Depuis lors, plus de 600 000 chiens ont été vaccinés et 5 000 personnes prises en charge gratuitement. En 2024, une avancée majeure a été réalisée avec l’adoption du protocole intradermique recommandé par l’OMS, qui réduit la vaccination humaine de 28 à sept jours et fait baisser le coût de 48 000 à 12 000 FCFA. Avec l’appui de GAVI, l’Alliance du vaccin, l’objectif est d’atteindre la gratuité totale d’ici 2026, rappelle la déclaration conjointe publiée le 28 septembre 2025 par le ministre des Ressources animales et halieutiques, Sidi Tiémoko Touré, et son homologue en charge de la Santé, de l’Hygiène publique et de la Couverture maladie universelle, Pierre N’Gou Dimba.
Le défi de la couverture canine
Pour éliminer la rage d’ici 2030, la Côte d’Ivoire doit vacciner 70% de sa population canine estimée à 1,5 million d’individus, soit un million de chiens par an. Or, la couverture vaccinale actuelle est d’à peine 12%, un retard préoccupant.
Le fardeau économique est également considérable : la rage entraîne des pertes évaluées à 20 milliards FCFA par an, en raison des coûts de soins et des impacts socio-économiques. Le budget nécessaire pour l’élimination sur dix ans est estimé à 18 milliards FCFA, soit 1,8 milliard par an.
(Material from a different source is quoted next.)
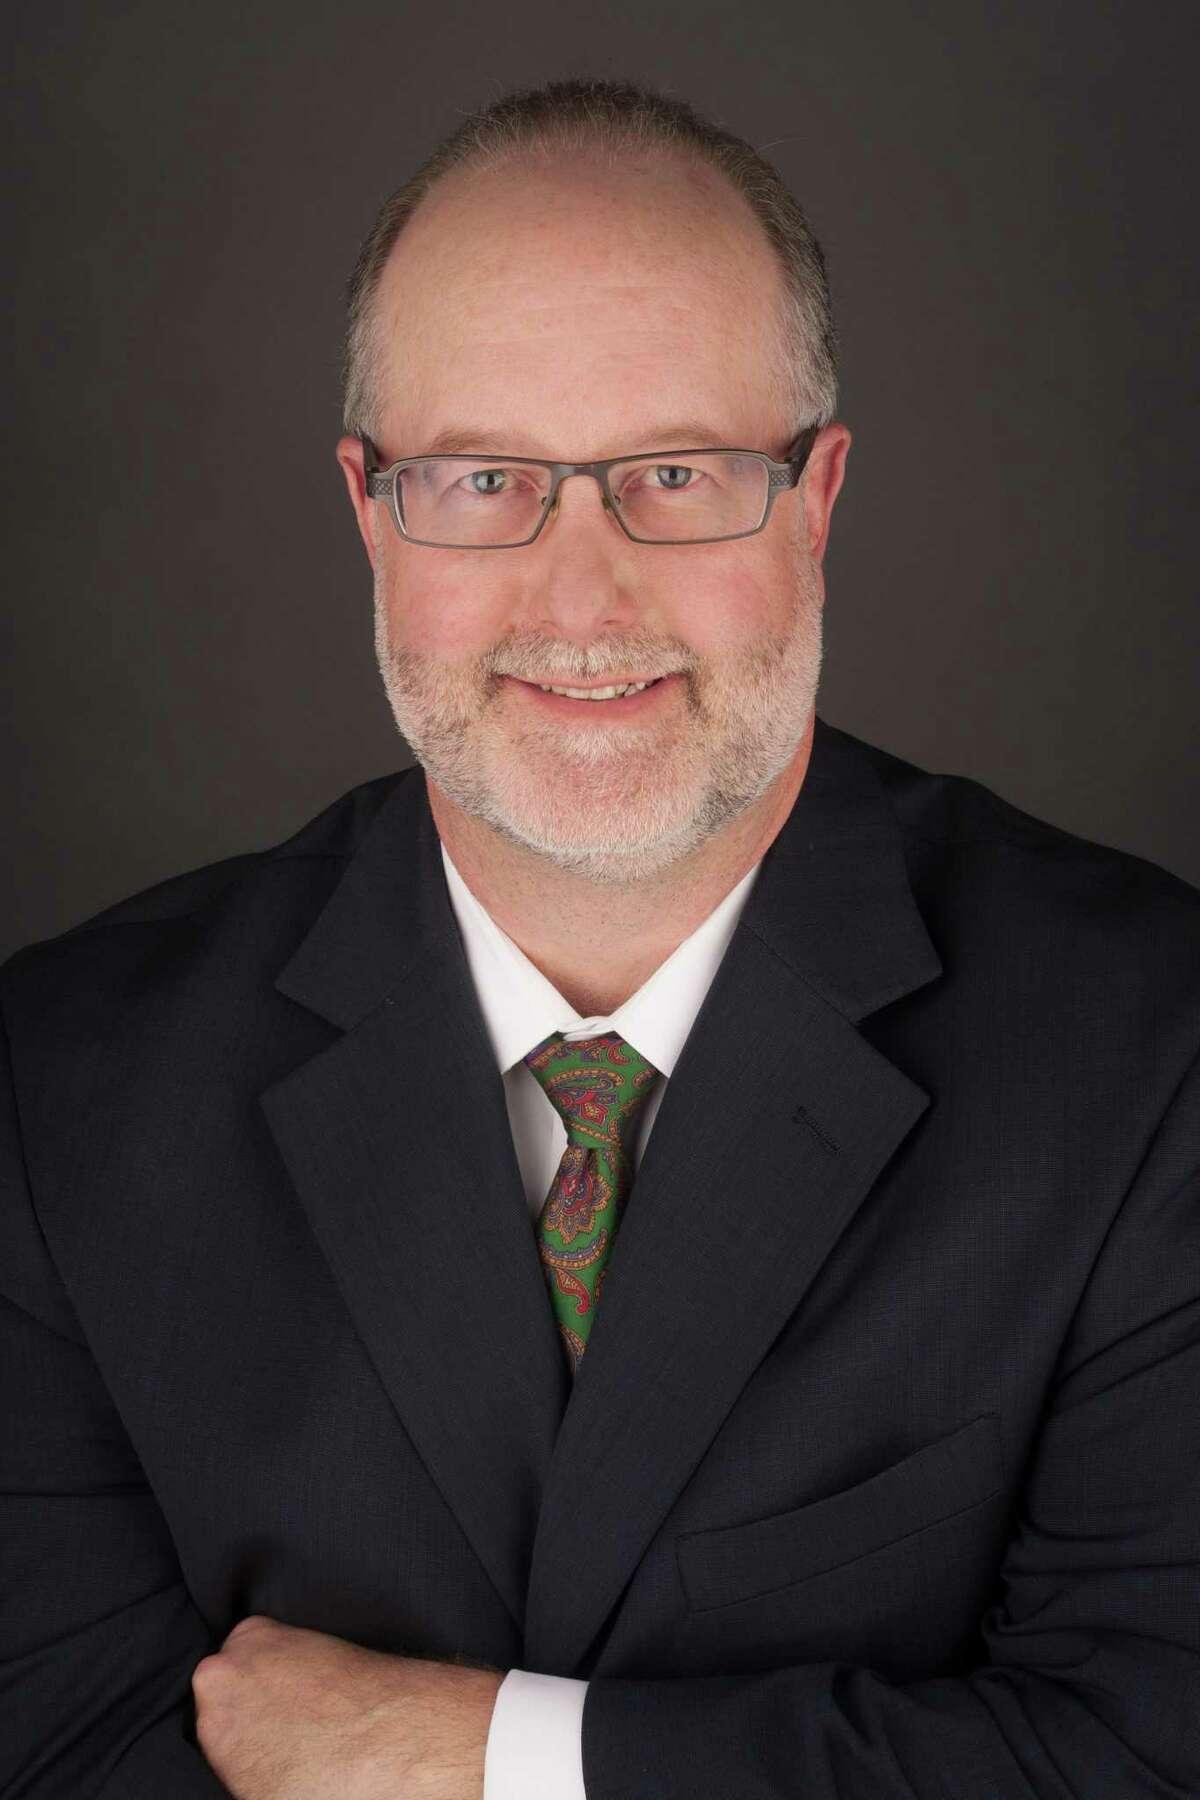 Steve Nivin, an assistant professor of economics at St. Mary's University

Les médias et les communautés, acteurs clés
Conscients que « les populations victimes de rage le sont par ignorance », selon le directeur des services vétérinaires et du bien-être animal (DSVBA), Dr Kallo Vessaly, les autorités misent sur une forte implication des journalistes. Ces derniers ont été formés le 26 septembre 2025 à Abidjan pour renforcer leurs capacités en communication des risques et relayer les messages de prévention.
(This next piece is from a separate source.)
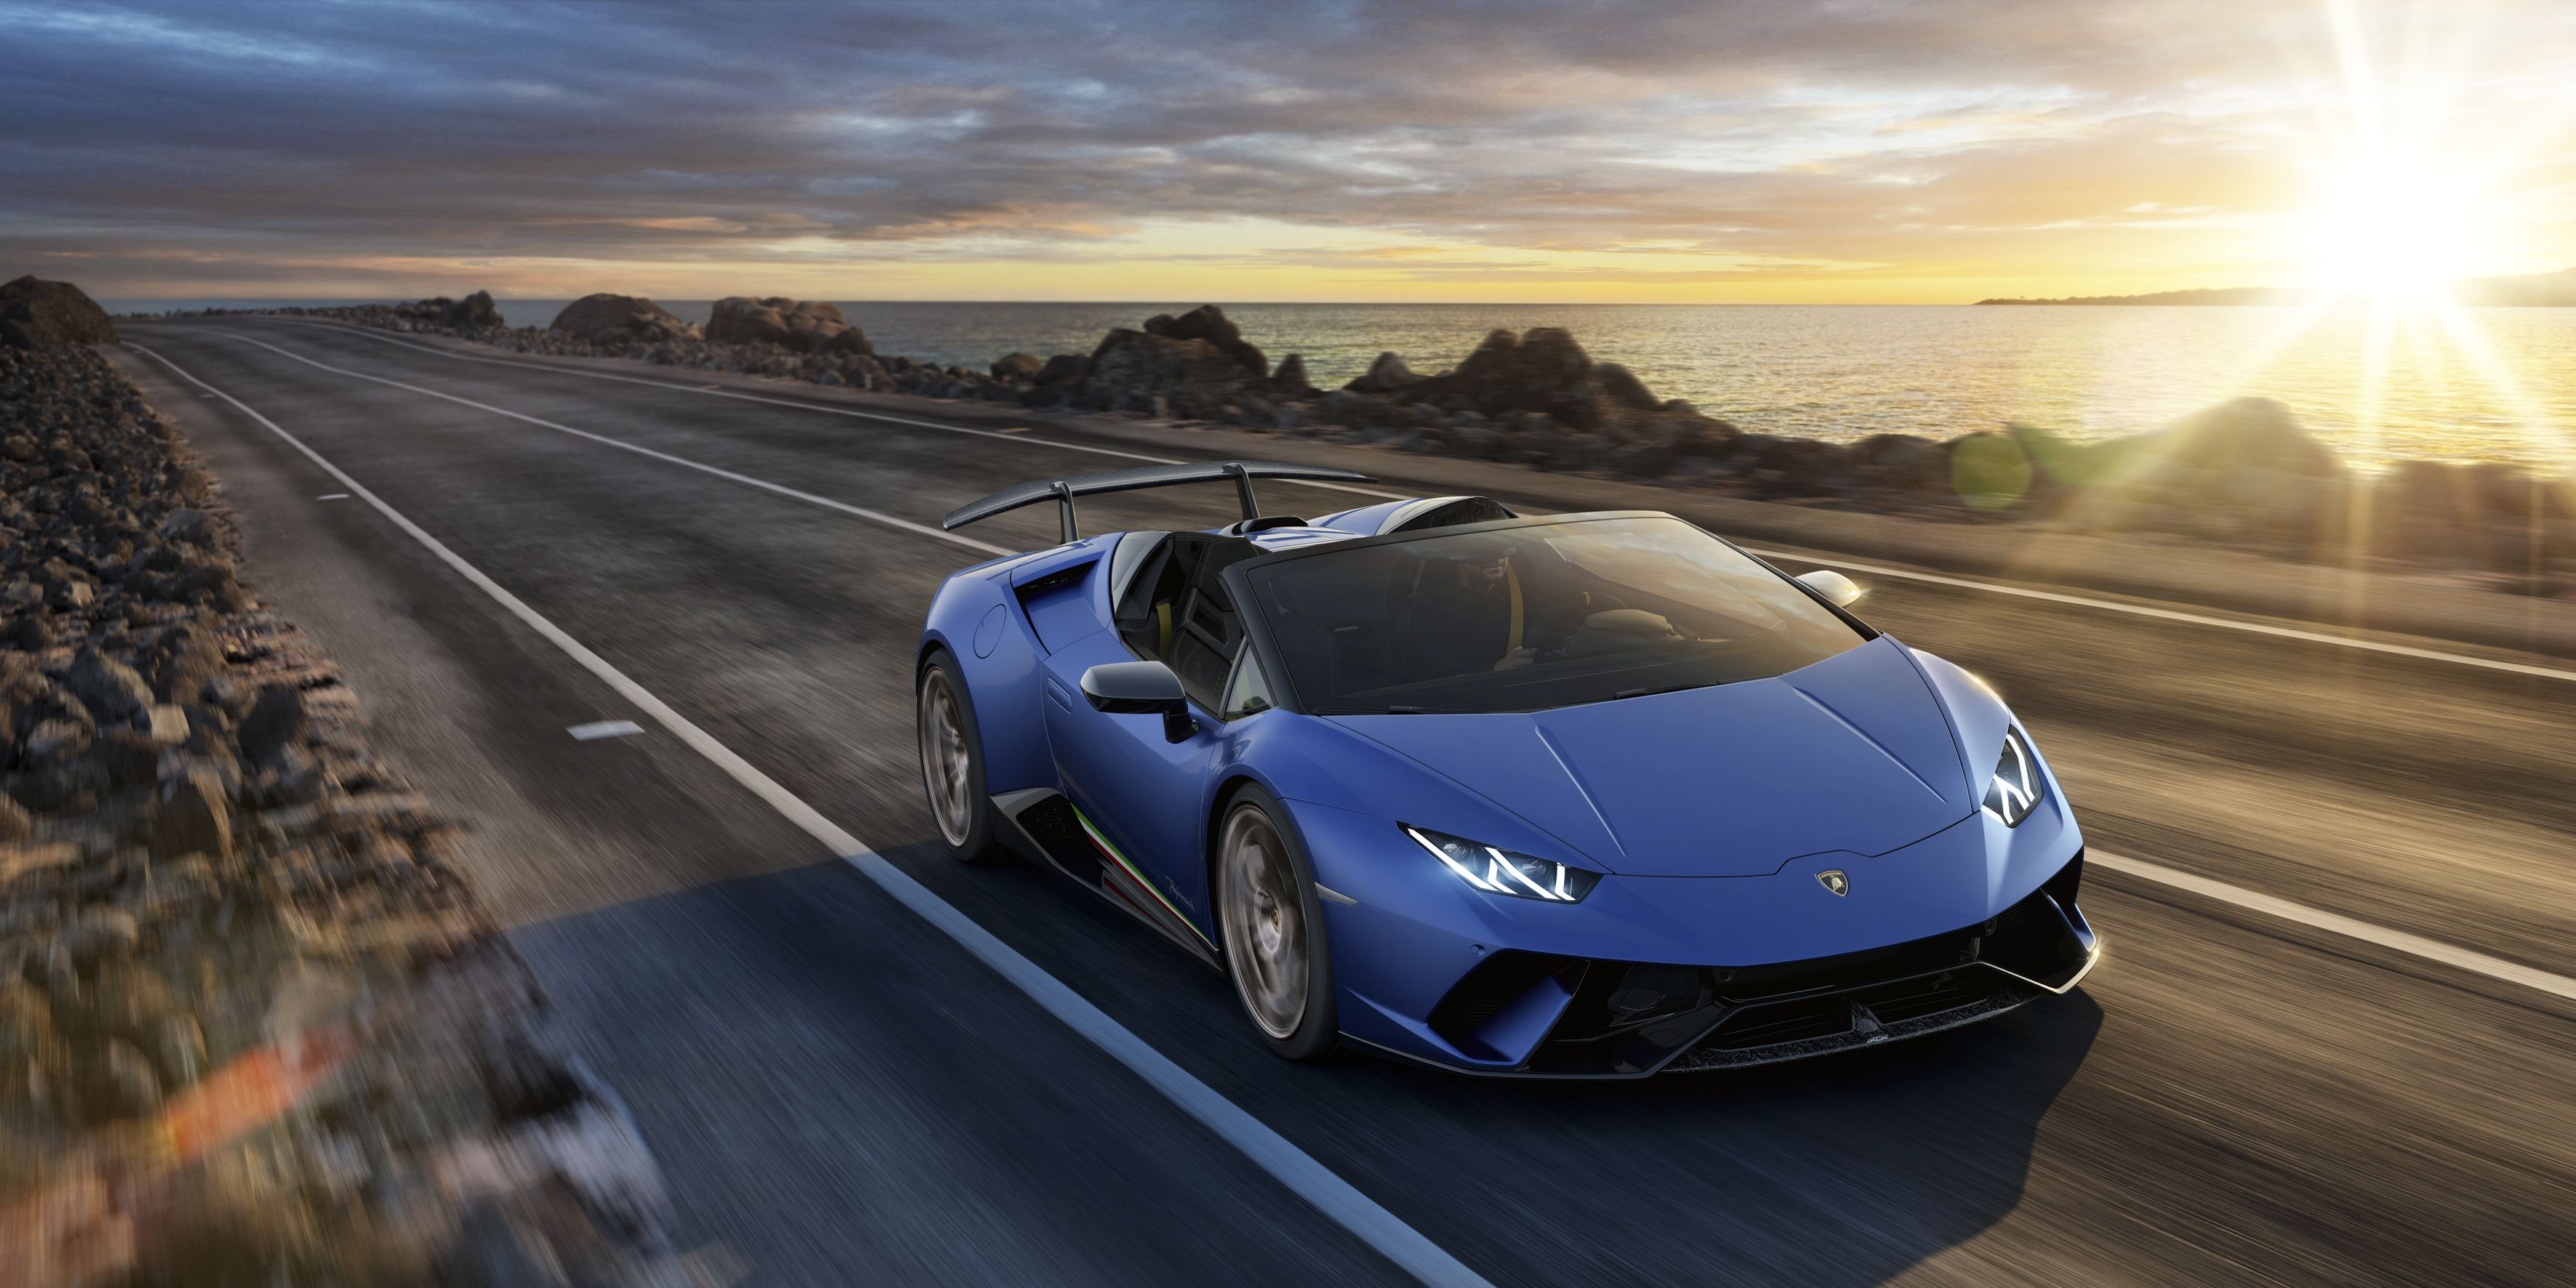 Rent Lamborghini Marseille Lamborghini Huracan Lamborghini Best Luxury Cars

La Journée mondiale de lutte contre la rage, qui sera officiellement célébrée le 30 septembre à Abobo, sera l’occasion de mobiliser les leaders communautaires, les écoles, les autorités locales et les populations autour du thème national « Tous ensemble, agissons pour zéro mort de rage en Côte d’Ivoire ». Une marche d’enfants et une vaste campagne de vaccination gratuite de 20 000 chiens et chats marqueront l’événement.
Un appel à l’action
La rage est une maladie qui ne laisse aucune seconde chance. Chaque morsure ou griffure suspecte doit conduire immédiatement à un lavage à l’eau et au savon pendant 15 minutes, suivi d’une consultation dans un centre de santé.
Atteindre l’objectif « zéro décès de rage d’ici 2030 » exige la mobilisation de tous: propriétaires d’animaux, pour assurer la vaccination régulière de leurs chiens et chats; leaders communautaires, pour sensibiliser et orienter les victimes vers les structures sanitaires; médias, pour relayer l’information à grande échelle; et citoyens, pour adopter les bons réflexes en cas d’exposition.
Une maladie mortelle mais évitable
La rage peut être éradiquée si chacun joue sa part. Ensemble, la Côte d’Ivoire peut tourner définitivement la page de cette maladie évitable mais encore trop meurtrière.